Kamala Harris felt sick when she got this awful message from a firefighter

Gage Skidmore from Peoria, AZ, United States of America, CC BY-SA 2.0, https://creativecommons.org/licenses/by-sa/2.0, via Wikimedia Commons

Kamala Harris thought she’d be running away with the race. 

Instead, she’s facing one problem that could sink her. 

And Kamala Harris felt sick when she got this awful message from a firefighter. 

Kamala Harris has a serious problem with working-class voters 

The road to the White House runs through the Rust Belt swing states of Wisconsin, Pennsylvania, and Michigan. 

Former President Donald Trump became the first Republican since the 1980s to carry them in the 2016 Election. 

He was able to flip these “Blue Wall” states on the strength of his performance with working-class voters. 

President Joe Biden won them in 2020 by a narrow margin. 

He spent decades building his phony “Blue-collar Joe” persona. 

Vice President Kamala Harris is a San Francisco Democrat who has never had to compete for the work-classing vote in her political career. 

Democrats have become the party of the coastal elites and have lost touch with working-class voters. 

Former United Steelworkers Local 2227 president Scott Sauritch in West Mifflin, Pennsylvania, went to a Hillary Clinton rally in 2016 in Pittsburgh. 

He was hoping that she would talk about jobs, but she went on a rant about how Trump wasn’t fit to be President. 

Sauritch left wondering what her plan was to help steelworkers. 

He voted for Clinton in 2016, but this year he’s supporting Trump because Democrats are out of touch with working-class voters. 

Trump is extremely popular with the rank-and-file members in his union. 

“I don’t care what you see on TV,” Sauritch said. “The grunts in the lunchroom love Trump.”

The steel mills and factories of Western Pennsylvania used to be dominated by Democrats. 

Democrat Presidential candidate Walter Mondale won 10 counties in Western Pennsylvania in his landslide loss to Ronald Reagan in the 1984 Election. 

Clinton only won a single county in Western Pennsylvania in 2016. 

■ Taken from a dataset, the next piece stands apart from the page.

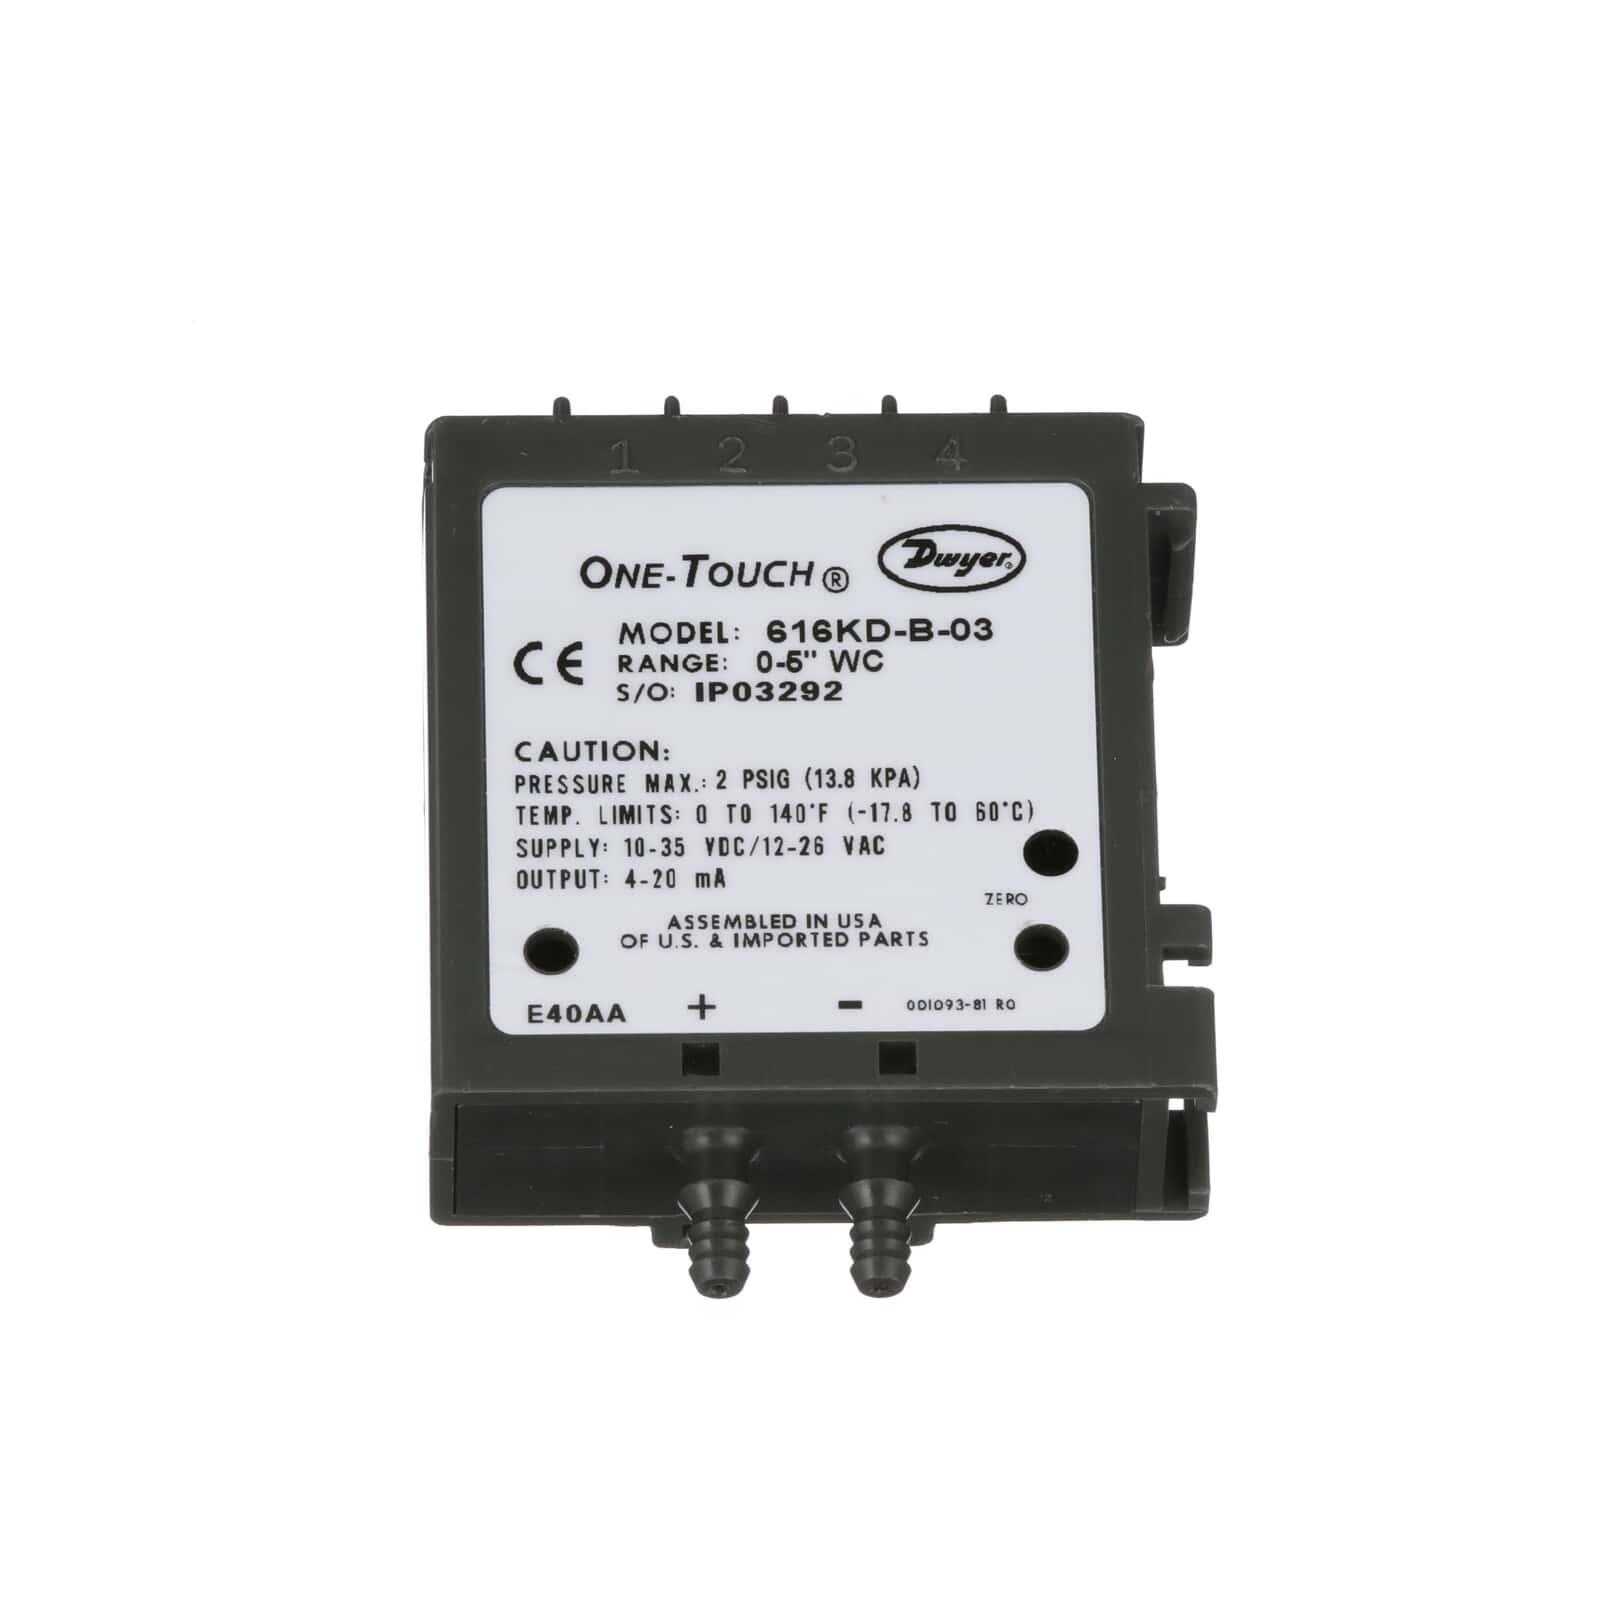 Series 616kd Differential Pressure Transmitter Dwyer Instruments Optical Sensorworkingconstructioncircuit Diagram Swipe To Spin

Democrats sold out the working class

A retired firefighter in Berks County, Pennsylvania, named Steve told the New Yorker that he voted for former President Bill Clinton twice. 

“Grandpop was a Democrat, Dad was a Democrat,” Steve explained. “They had a pro-union stance, and that was that. I learned it from them.”

But he started to reconsider his views when the North American Free Trade Agreement (NAFTA), that Clinton signed, was followed by heavy job losses in the Rust Belt. 

“Those places laid off hundreds, sometimes thousands, of people,” Steve said. 

Aaron Joseph, a Pennsylvania union organizer for the International Union of Painters and Allied Trades, said there was disappointment in his union when Biden dropped out of the race.

Biden was born in Scranton, Pennsylvania, and his longtime support for labor appealed to working-class voters in Pennsylvania, according to Joseph. 

Kamala is facing a challenge with these workers. 

“She’s from California – that generally does not play well in western Pennsylvania,” Joseph said. 

State Representative Manuel Guzman (D-PA) who represents Reading, Pennsylvania, said that Kamala’s message of Trump being a threat to democracy doesn’t connect with people who are struggling to make ends meet. 

“We’ve become so focussed as a national party on saving democracy,” Guzman said. “I’m gonna be honest with you—I’ve not heard one person in the city of Reading talk to me about democracy! What they’re telling me is ‘Manny, why is gas so high?’ ‘Why is my rent so high?’ No one is speaking enough to these issues.”

Democrats have become the party of voters in New York and San Francisco.